Step 1. Test if treatments 2 and 3 are comparable. If they are comparable (more on that below), then combine groups 2 and 3, and proceed to step 2A. If treatments 2 and 3 are not comparable, proceed to step 2B.
Step 2A: One-sided test performed on the pre-to-post change in score. The null hypothesis is H0: The change in score with Treatment 1 is less than or equal to the change with combined treatment 2 or 3 (which are combined into a single group). You will have a better chance of detecting that Treatment 1 is superior if you use the ones-sided test, since the critical value for rejecting H0 is lower with a 1-sided test. Matlab's t test uses Welch's version of the t test by default, which is good, since it does not depend on equal variances. See here for more on the benefits of Welch's t test.
Step 2B: Do a one-sided test on the change in scores in group 1 versus group 2. The null hypothesis is H0: The change in scores is the same for treatments 1 and 2. Do a one-sided test on group 1 versus group 3, with an analogous null hypothesis.
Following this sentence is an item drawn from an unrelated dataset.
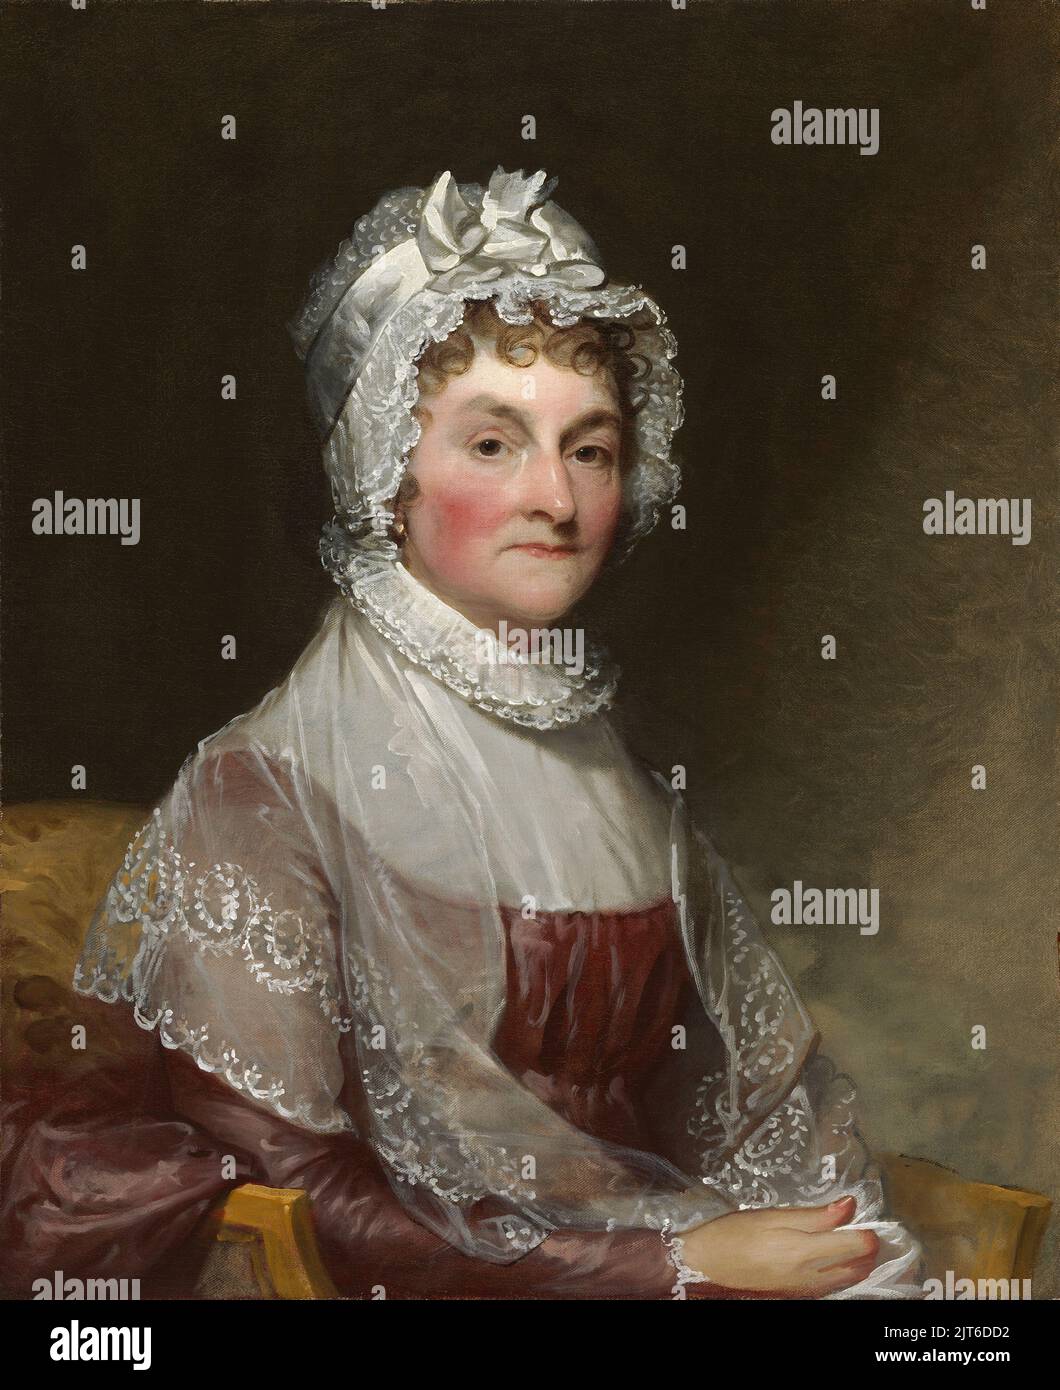 Ein Porträt von Abigail Smith Adams, der Frau des zweiten US-Präsidenten John Adams. Gemalt von Gilbert Stuart. Stockfoto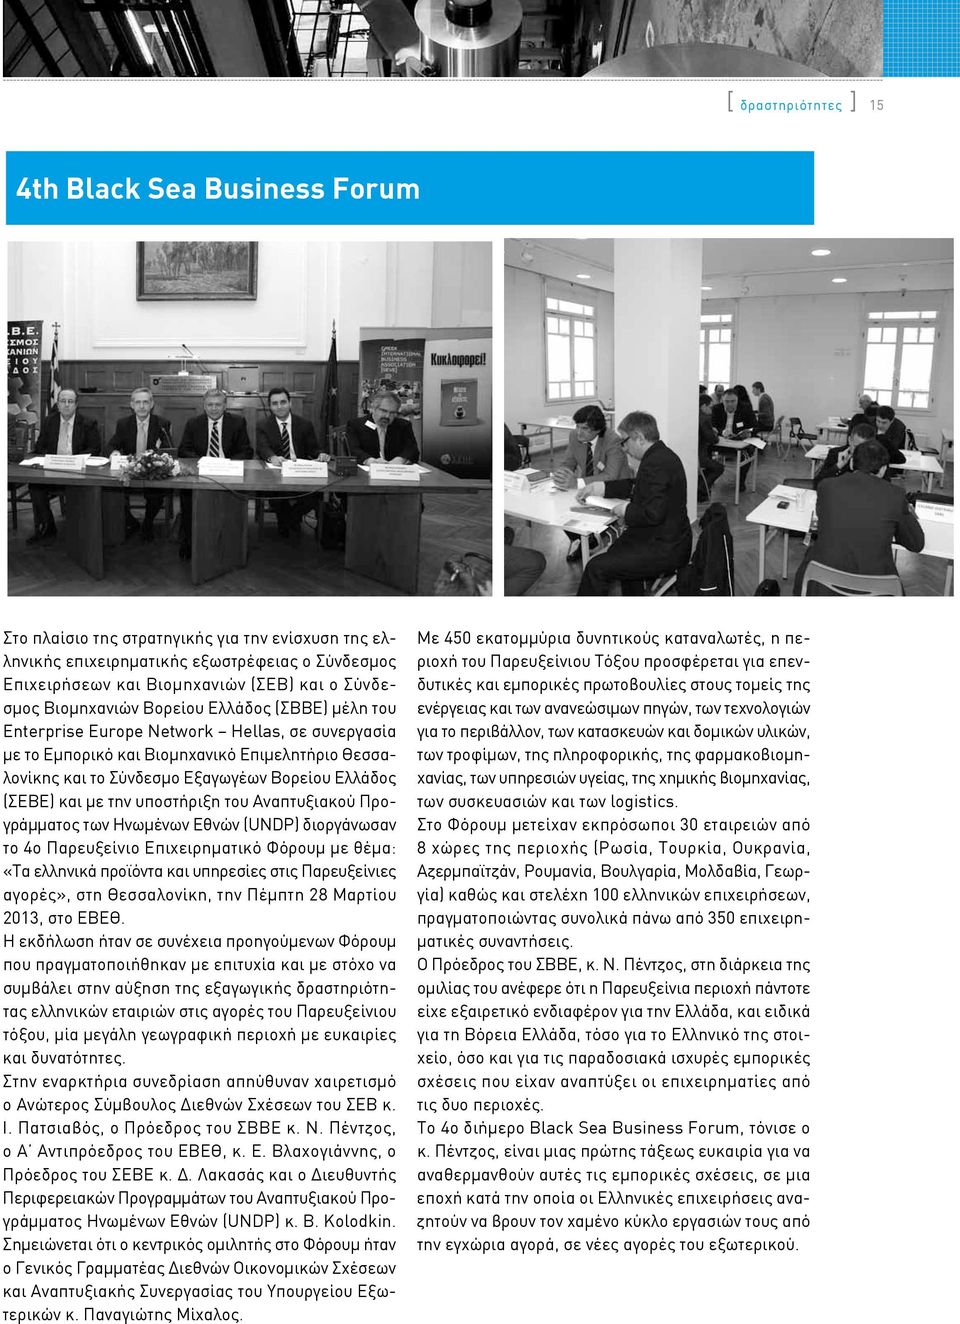 Ελλάδος (ΣΕΒΕ) και με την υποστήριξη του Αναπτυξιακού Προγράμματος των Ηνωμένων Εθνών (UNDP) διοργάνωσαν το 4ο Παρευξείνιο Επιχειρηματικό Φόρουμ με θέμα: «Τα ελληνικά προϊόντα και υπηρεσίες στις

Now let's return to step 1, deciding if groups 2 and 3 produce comparable results. If we fail to combine groups that are in fact similar (let's call this error A), we will lose power to detect potential superiority of treatment 1, because the numbers in groups 2 and 3 are very low. If we combine groups that are in fact not similar (error B), we will lose power, because the variance of the combined group will be high, and this high variance will make it harder to detect potential superiority of treatment 1. We don't want to make error A or error B. Therefore it is not obvious which null hypotheses is preferable, when testing the equality of groups 2 and 3. We can go with H0a: Groups 2 and 3 are the same. With this null hypothesis, we are unlikely to make error A, because we will only split groups 2 and 3 if there is strong evidence that they are unequal. Or we can go with H0b: Groups 2 and 3 are not the same. With H0b, we are unlikely to make error B, because we will only combine groups if there is strong evidence that they are equal. You will have to decide which null hypothesis you prefer. If you choose H0a, then use a two-sided Welch's t test, discussed above, applied to the change in scores in group 2 versus group 3. If you choose H0b, then use two one-sided tests (TOST), described here (2800 citations!). An advantage of H0a compared to H0b is that with H0a, you do not have to choose a "range of equivalence" or justify that choice, like you have to do with TOST.
The small sample sizes in this study, n=4, 4, 3 for the groups, makes me suspect that no matter how you test, you will be hard-pressed to find significance, at least if you deal in a proper way with the multiple comparisons problem associated with 15-20 dependent variables.